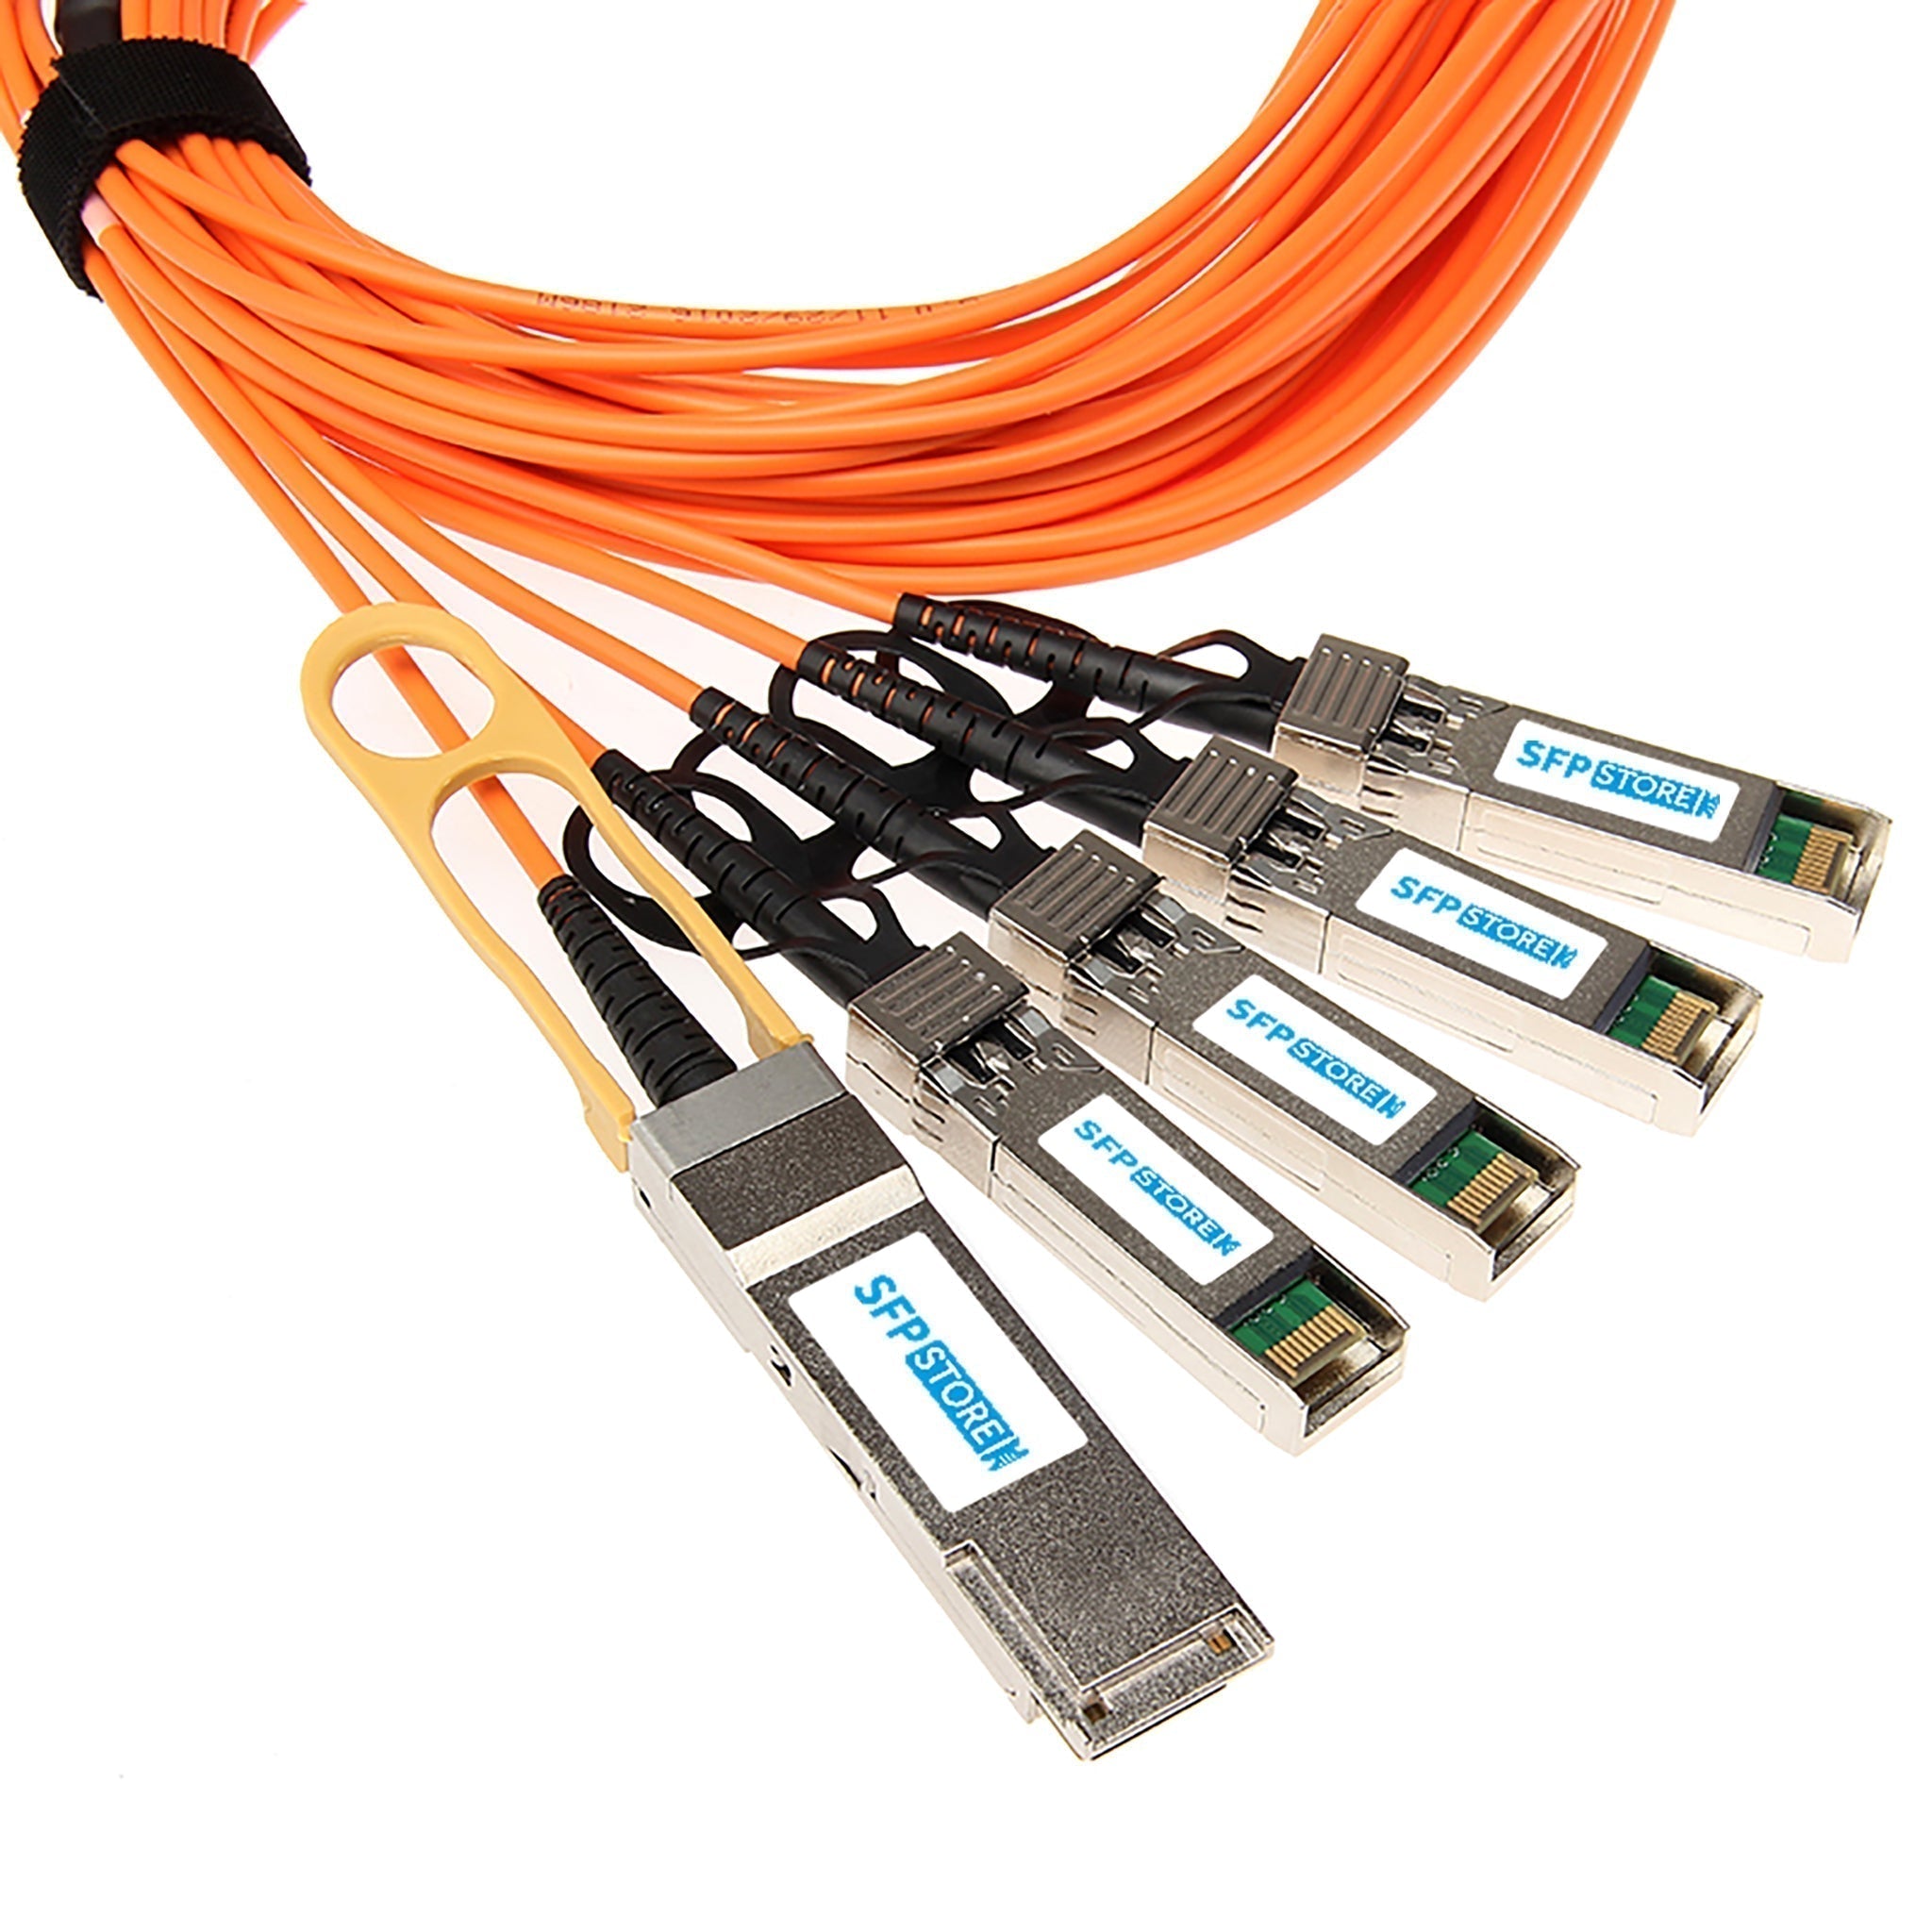 QSFP-4SFP25G-AOC3M-C - 3m Cisco Compatible 100G QSFP28 to 4 x 25G SFP28 Active Optical Cable
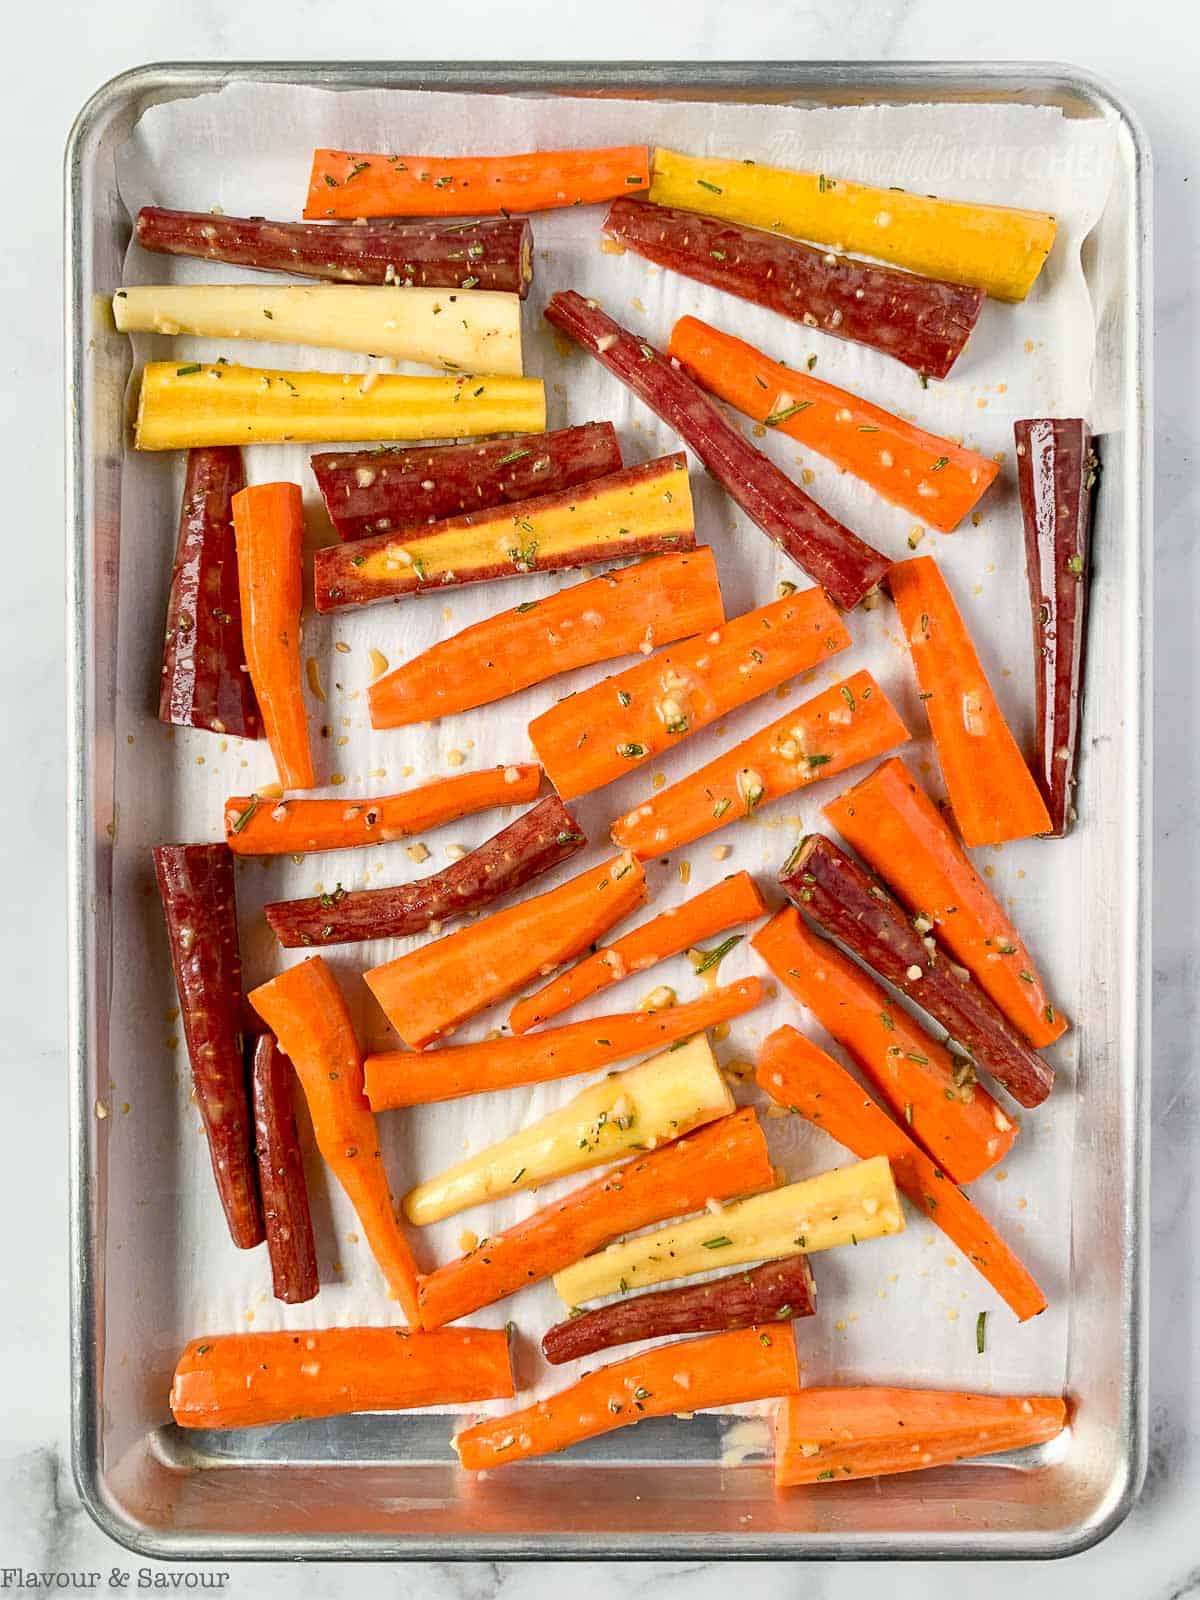 Honey-mustard glazed carrots on a baking sheet.
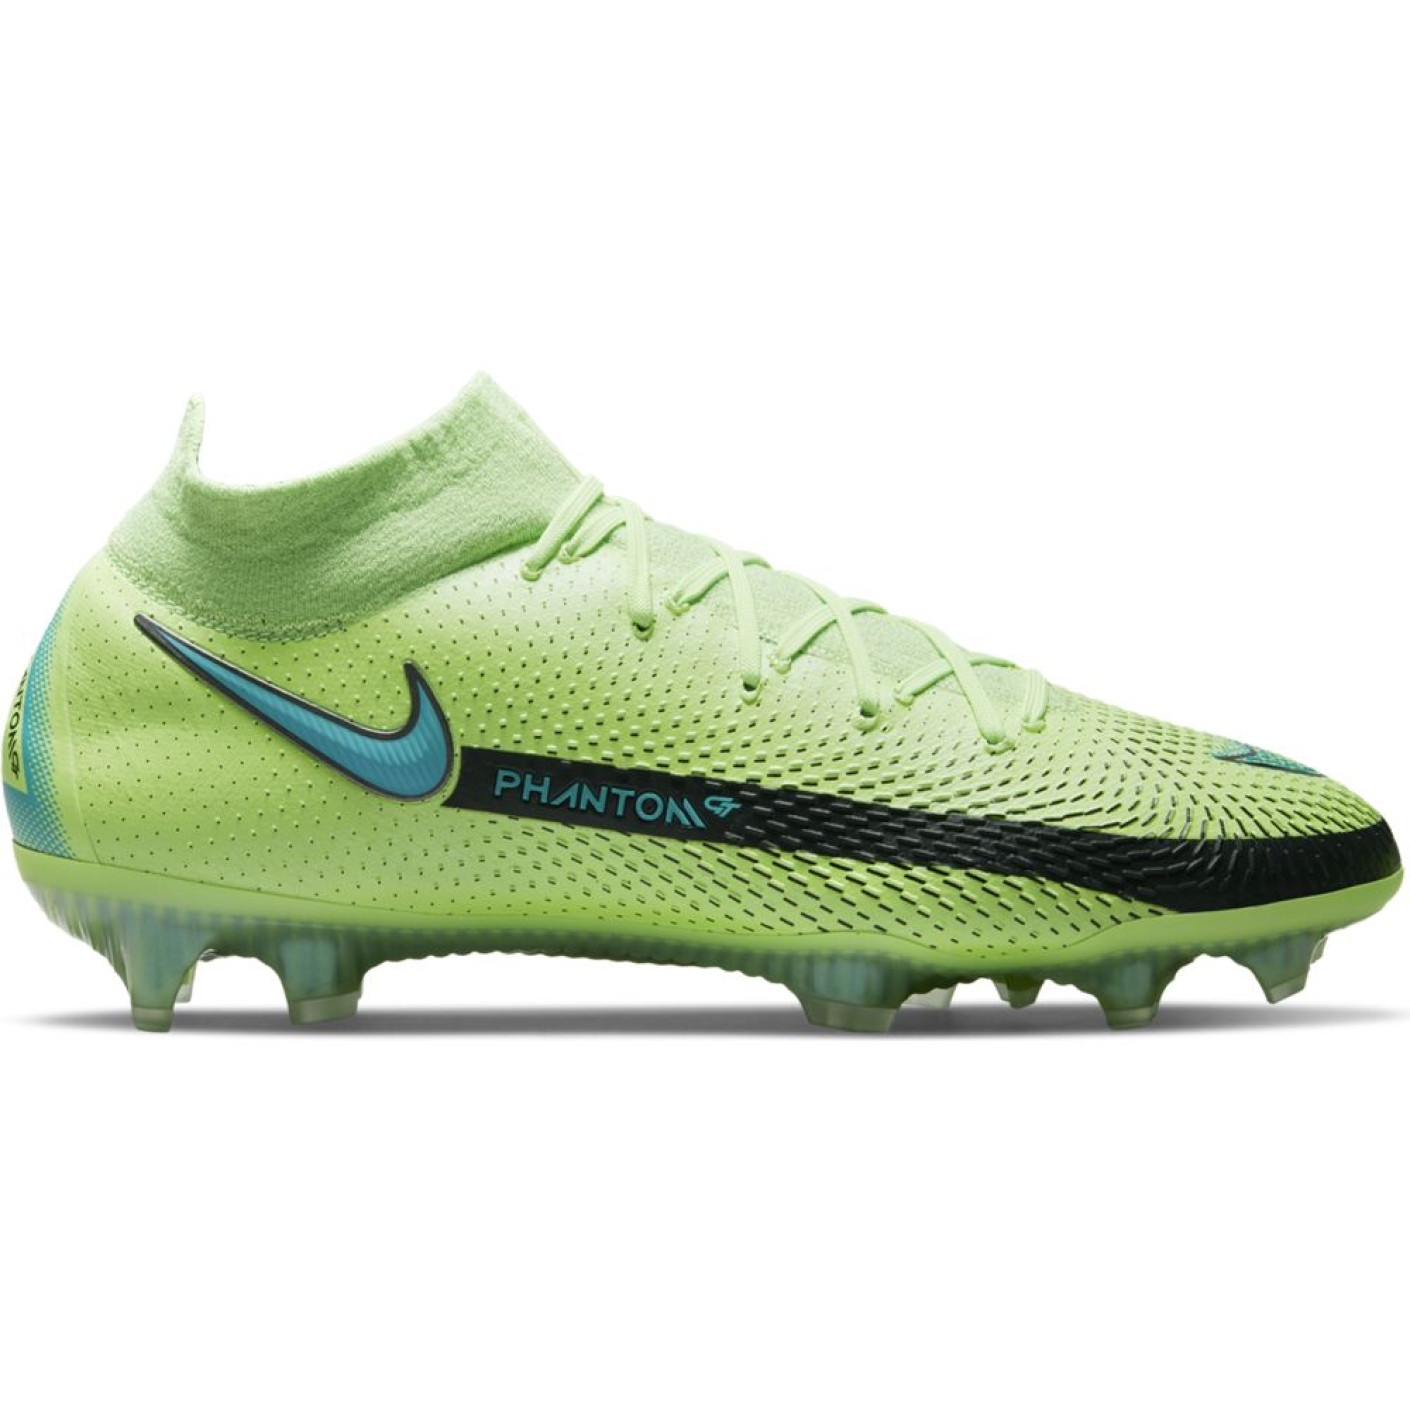 Chaussures de Foot Nike Phantom GT Elite DF Grass (FG) Lime Turquoise

→ **Activity**
Where a picture appears in the data, omit it; restate the rest word for word.

→ **Completed exercise**
 QSFP-4SFP25G-AOC3M-C - 3m Cisco Compatible 100G QSFP28 to 4 x 25G SFP28 Active Optical Cable
 Honey-mustard glazed carrots on a baking sheet.
 Chaussures de Foot Nike Phantom GT Elite DF Grass (FG) Lime Turquoise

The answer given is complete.